Pernah dengar hidup itu murah, tapi yang mahal gengsinya? Yes, that's right, Babe. Hidup memang murah, pada dasarnya nggak butuh biaya. Cukup mensyukuri apa yang Allah beri maka Dia pasti bakal kasih yang lebih dan lebih lagi seperti yang dijanjikan dalam firman-Nya Quran surat Ibrahim ayat 7. Sampai sini paham dong, ya. Benar, memang Allah yang bilang begitu, hanya saja mengapa realitanya masih banyak yang mengingkari bahkan mencekik lehernya sendiri karena stigma HIDUP ITU MAHAL. Bukan hidupnya, tapi gengsinya.Â
So, solusinya apa? Kembali ke pelajaran zaman dahulu kala pas kita ngaji abata di madrasah. Kan pernah tu saudara saudari belajar sifat yang namanya qonaah. Nah, tu dia jawabannya. Merasa cukup dengan apa yang dikasih Allah. Jadi nggak bakal yang namanya besar pasak daripada tiang. Hmm, manusia sih ya namanya. Pas awal penciptaan aja, malaikat ragu, ya udah deh itulah salah satu bukti keraguan malaikat yang memang nyata-nyata kejadian.
Manusia itu punya nafsu. Bisa lebih baik dari malaikat, bisa juga lebih rendah dari binatang. Jadi, kalau mau jadi manusia sempurna, di tengah-tengah deh tu berdirinya. Memang mengendalikan itu susahnya minta ampun, tapi bukannya nggak bisa loh ya. Bukannya dulu guru matematika juga gitu ya, awalnya rumus-rumus itu bertengkar di kepala, ujung-ujugnnya pas dewasa ngerti juga kan akhrinya, paham juga kan? Berarti bukan nggak bisa, kan kan?
Maka dari itu, stop membanding-bandingkan diri dengan orang lain. Nggak ada teori apalagi penelitiannya bahwa seseorang bisa jadi tolak ukur keberuntungan atau kesialan orang lain. Nasib itu beda-beda. Ada yang sekali jalan dapatnya jalan tol, mulus. Ada juga yang jalannya berlubang dari awal sampai ujung. Eh tapi jangan salah, di pengguna jalan tol pun karena sudah asyik di zona nyaman akan terlena dan jatuh berdebum terhenyak karena lubang kecil yang diremehkan. Sebaliknya pengguna jalan berlubang yang sudah biasa meloewati onak dan duri akan dapat taman bunga sebagai bonus kesabaran dalam perjalanannya. The winner is ... yes.

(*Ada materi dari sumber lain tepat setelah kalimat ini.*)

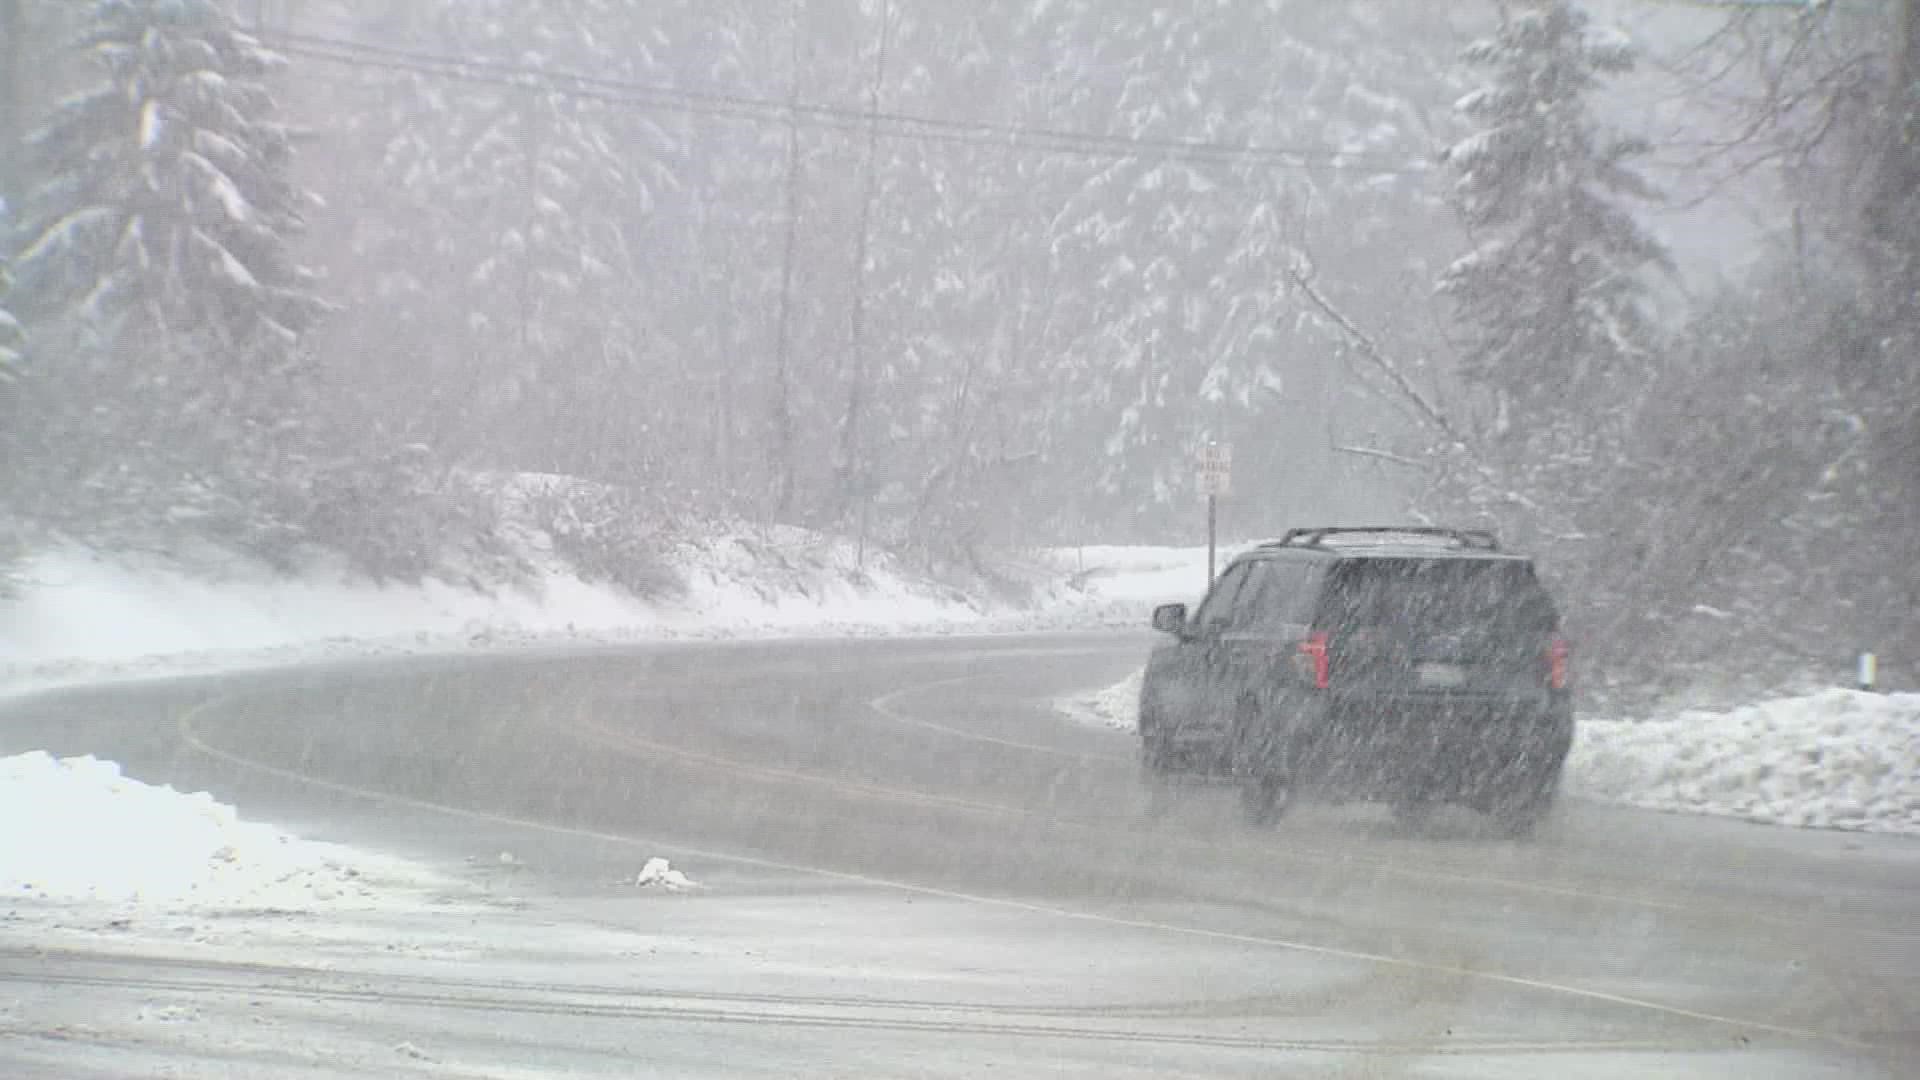 Snoqualmie Pass has already closed this week due to severe weather conditions and spinouts.

Hiduplah untuk diri sendiri. Jangan hidup untuk orang lain, apalagi untuk tetangga. Stop menatap dan mengagumi rumput mereka yang kita bahkan tak tahu sudah dikasih skinker apa sehingga selalu tampak hijau di mata.
Allah saja menerimamu apa adanya, mengapa harus mementingkan pandangan manusia sedangkan kita juga akan menemui akhir yang sama ke hadapan Sang Pencipta?